# Preposition w + genitive case



## Kudasai

Hi,

I'm currently looking at this sentence:

W pewnym momencie Marcin P. przemienił się z drobnego krętacza w wielkiego oszusta.

I understand what the sentence means. However, I'm not sure about the use of the preposition w in the last part. 'Wielkiego oszusta' is clearly genitive case, but according to my grammar, the preposition w should only take either the accusative or locative case. So how come the genitive case is used here?

Thanks!


----------



## Ben Jamin

What makes you think it is "clearly genitive case"? It is actually the accusative case.
The genitive case of masculine animate nouns has the same form as the accusative.
If you change the gender of the expression to feminine it will be "wielką oszustkę" (undoubtedly accusative).
In the case of a masculine inanimate noun the accusative is equal to the nominative: "zamienił się w kamień" (he turned into stone). The same is true of neuter nouns form: accusative=nominative.


----------



## Kudasai

Hi Ben,

thanks for the superquick reply, you're right of course, I misinterpreted the case as genitive. All is well again in my grammar world.


----------



## Ben Jamin

Kudasai said:


> Hi Ben,
> 
> thanks for the superquick reply, you're right of course, I misinterpreted the case as genitive. All is well again in my grammar world.

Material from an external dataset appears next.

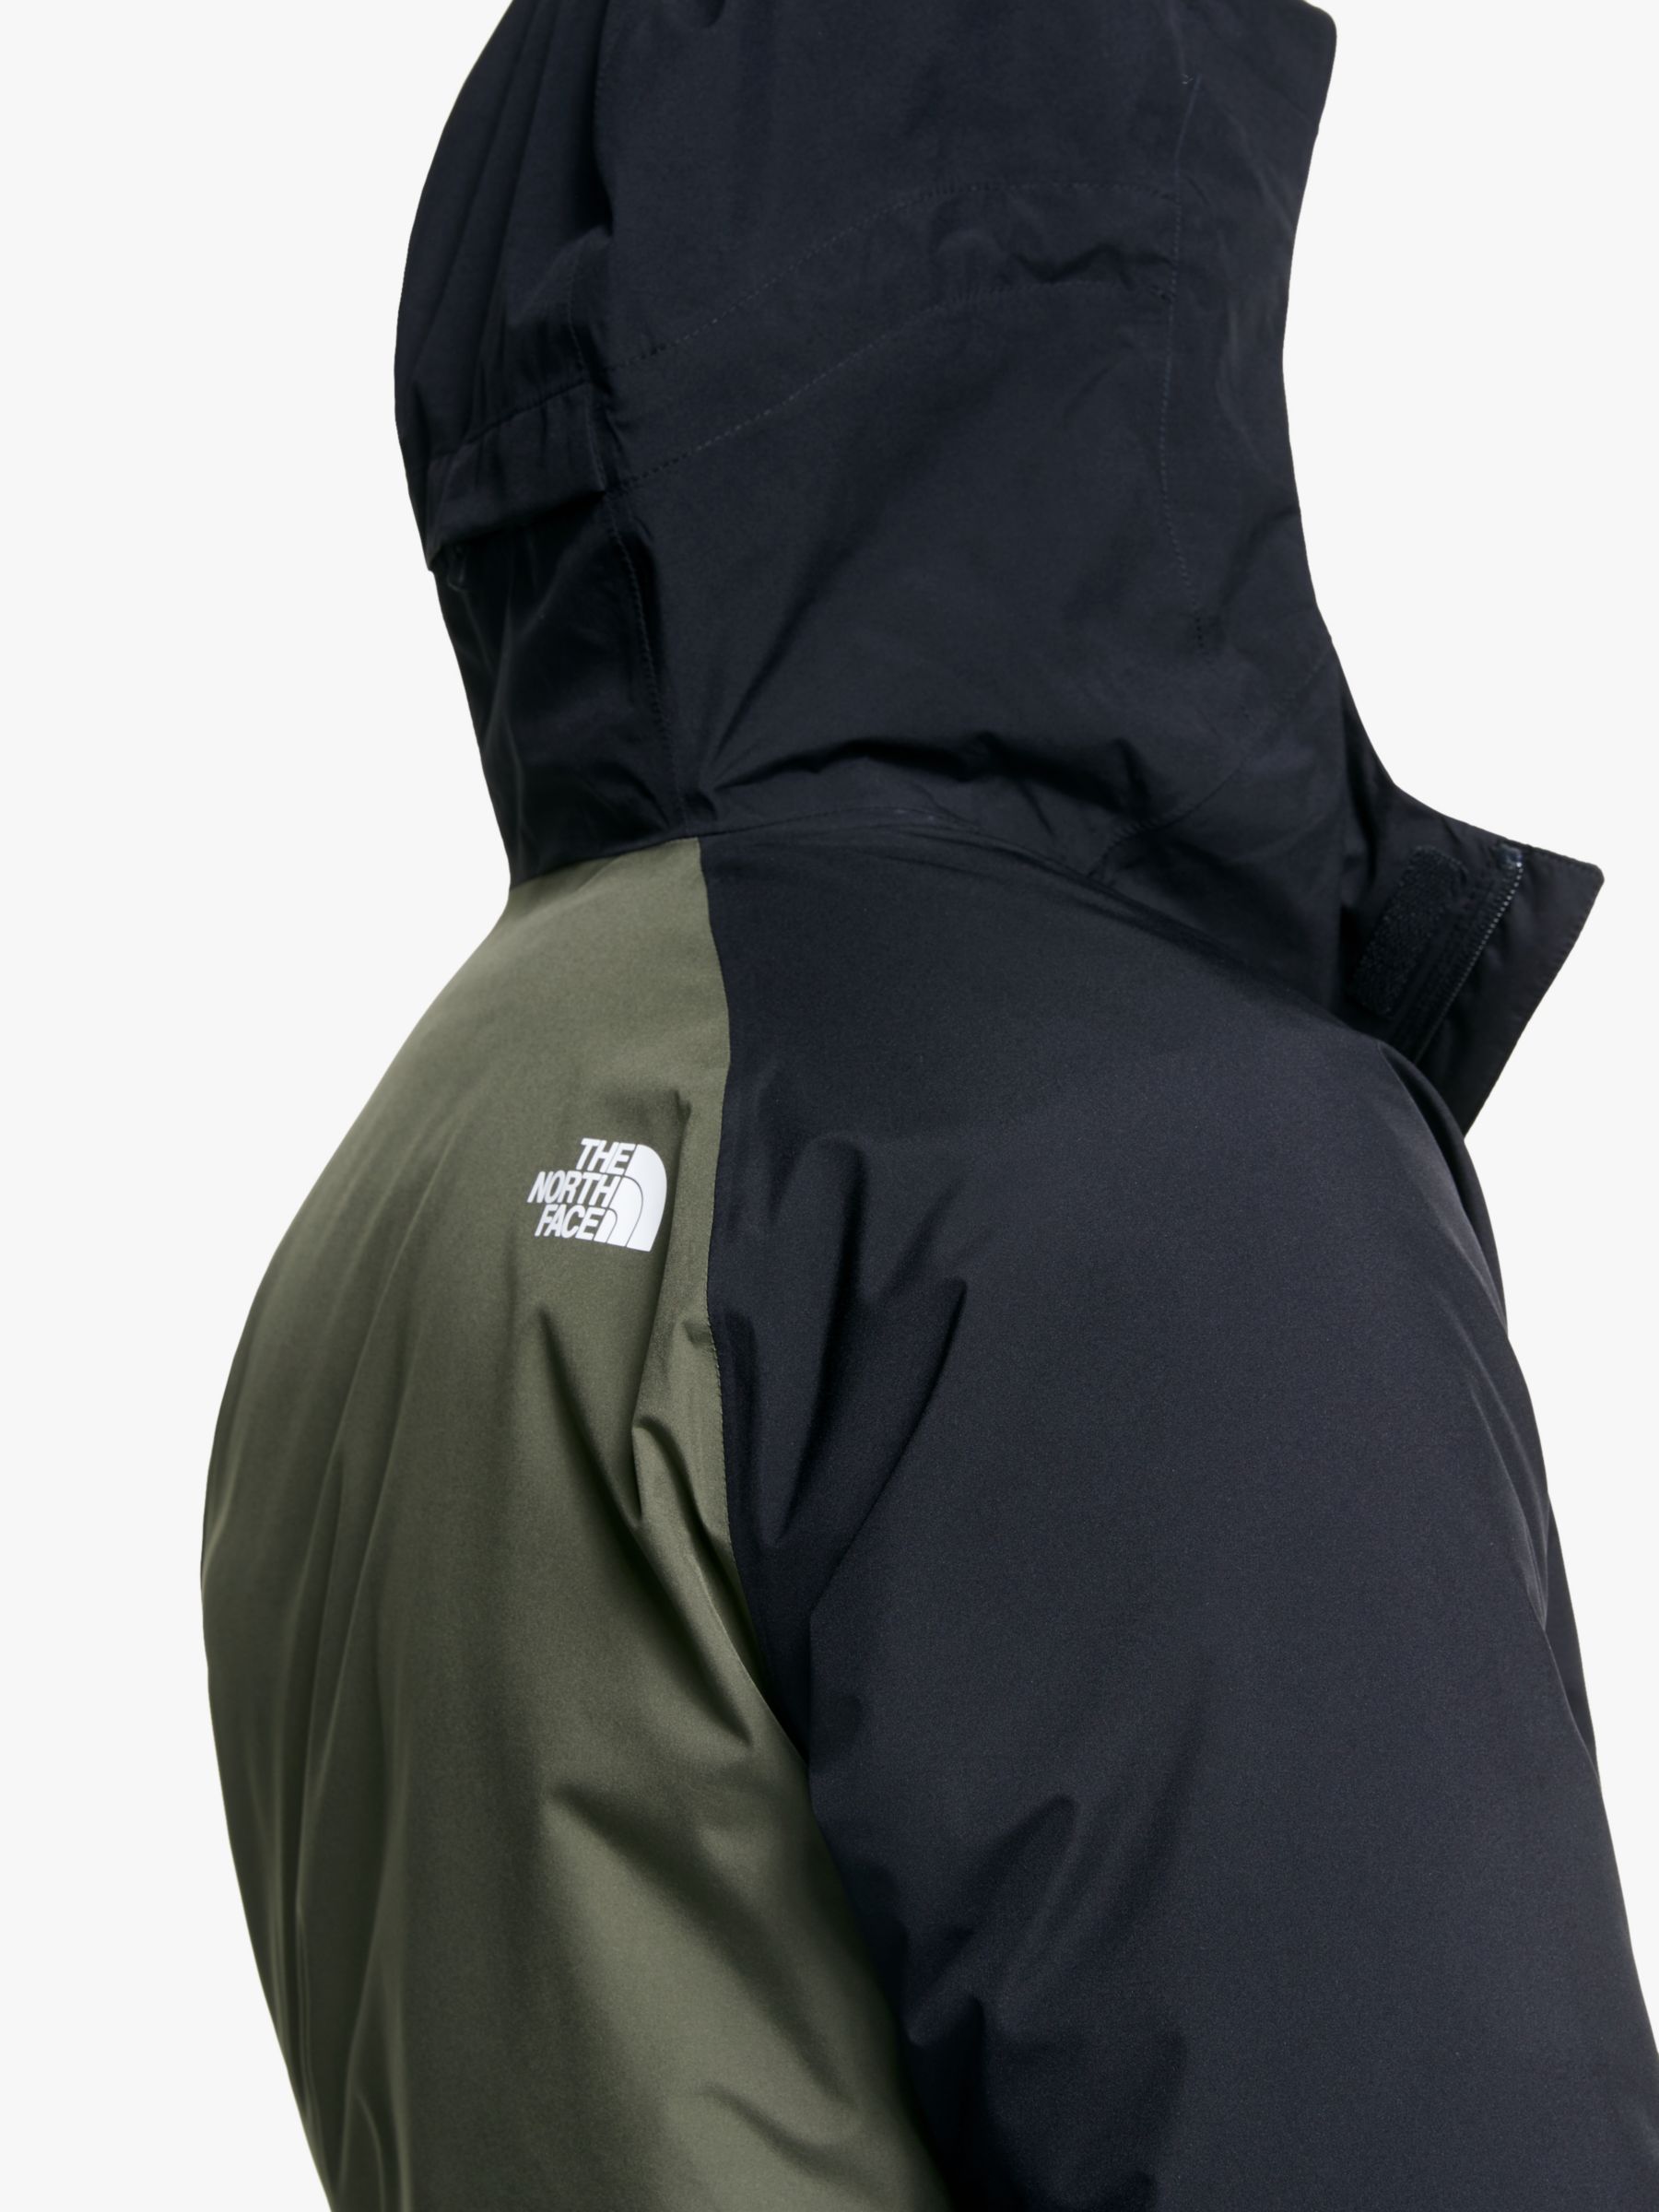 new north face material

Remember that the preposition "w" takes accusative only in case of movement towards or through or in the case of transformation. For stationary location "w" is used with the locative.


----------



## bibax

And especially: *wierzę w Boga* (acc. like in Latin: credo in Deum), *w człowieka, w miłość, w zwycięstwo*, ...


----------



## Ben Jamin

bibax said:


> And especially: *wierzę w Boga* (acc. like in Latin: credo in Deum), *w człowieka, w miłość, w zwycięstwo*, ...

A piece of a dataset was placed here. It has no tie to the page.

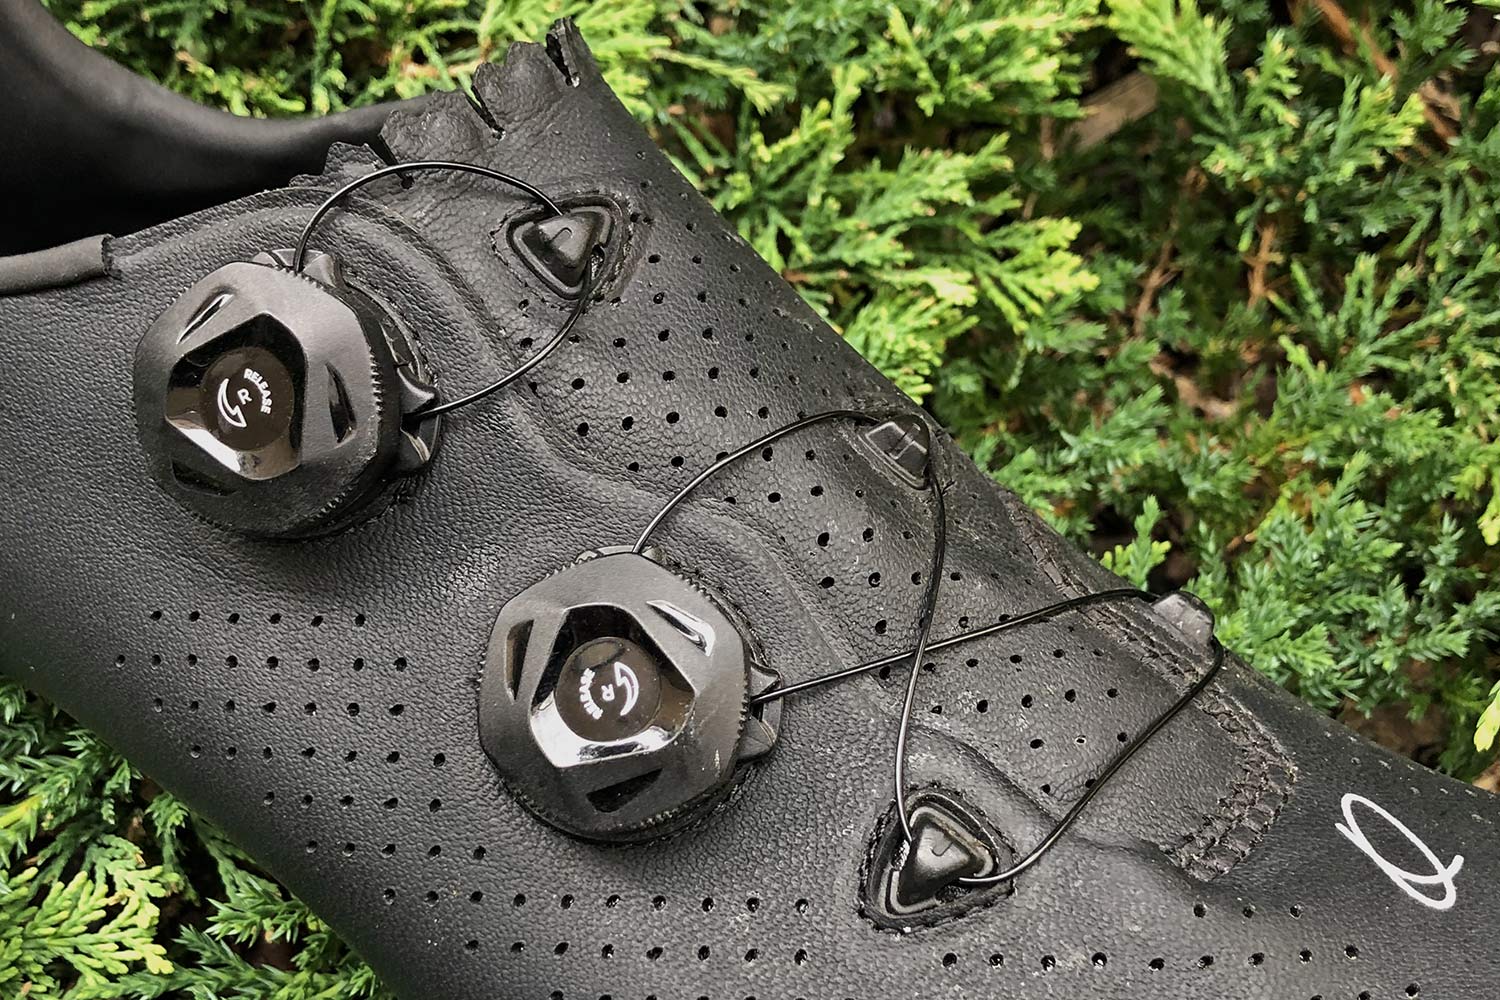 Quoc Mono II lightweight carbon-soled road cycling shoes Review, dial retention

Which are all in accusative. What is special with those words?


----------



## bibax

You wrote _"the preposition "w" takes accusative *only* in case of movement towards or through or in the case of transformation"_.

In the phrase _"wierzę w ..."_ I see neither movement (like in _"słońce wchodzi *w znak* zodiaku Barana"_), nor transformation (like in _"zamienił się *w kamień*_").

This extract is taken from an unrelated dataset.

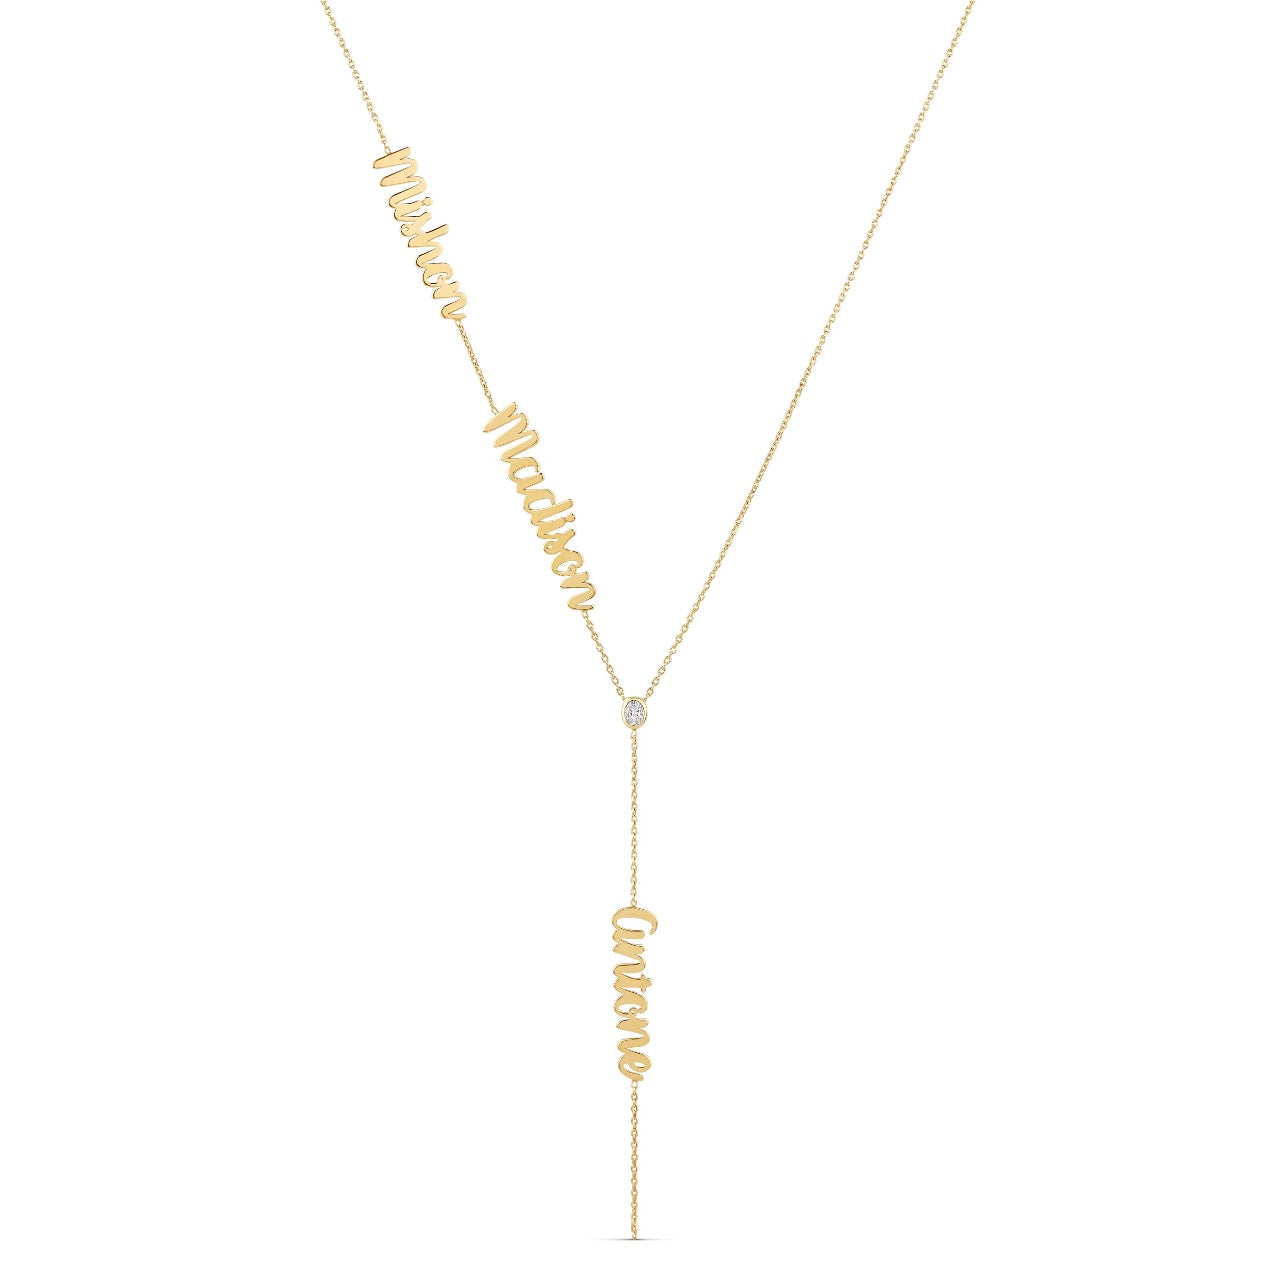 Multiple Names Lariat Necklace with Drop Charm

You must admit that there are some special cases (exceptions to your rule) and _"wierzyć w kogo/co"_ is a prominent example.


----------



## Ben Jamin

bibax said:


> You wrote _"the preposition "w" takes accusative *only* in case of movement towards or through or in the case of transformation"_.
> 
> In the phrase _"wierzę w ..."_ I see neither movement (like in _"słońce wchodzi *w znak* zodiaku Barana"_), nor transformation (like in _"zamienił się *w kamień*_").
> 
> You must admit that there are some special cases (exceptions to your rule) and _"wierzyć w kogo/co"_ is a prominent example.


The "only" restriction was meant for physical location/movement, not for other uses of the preposition.


----------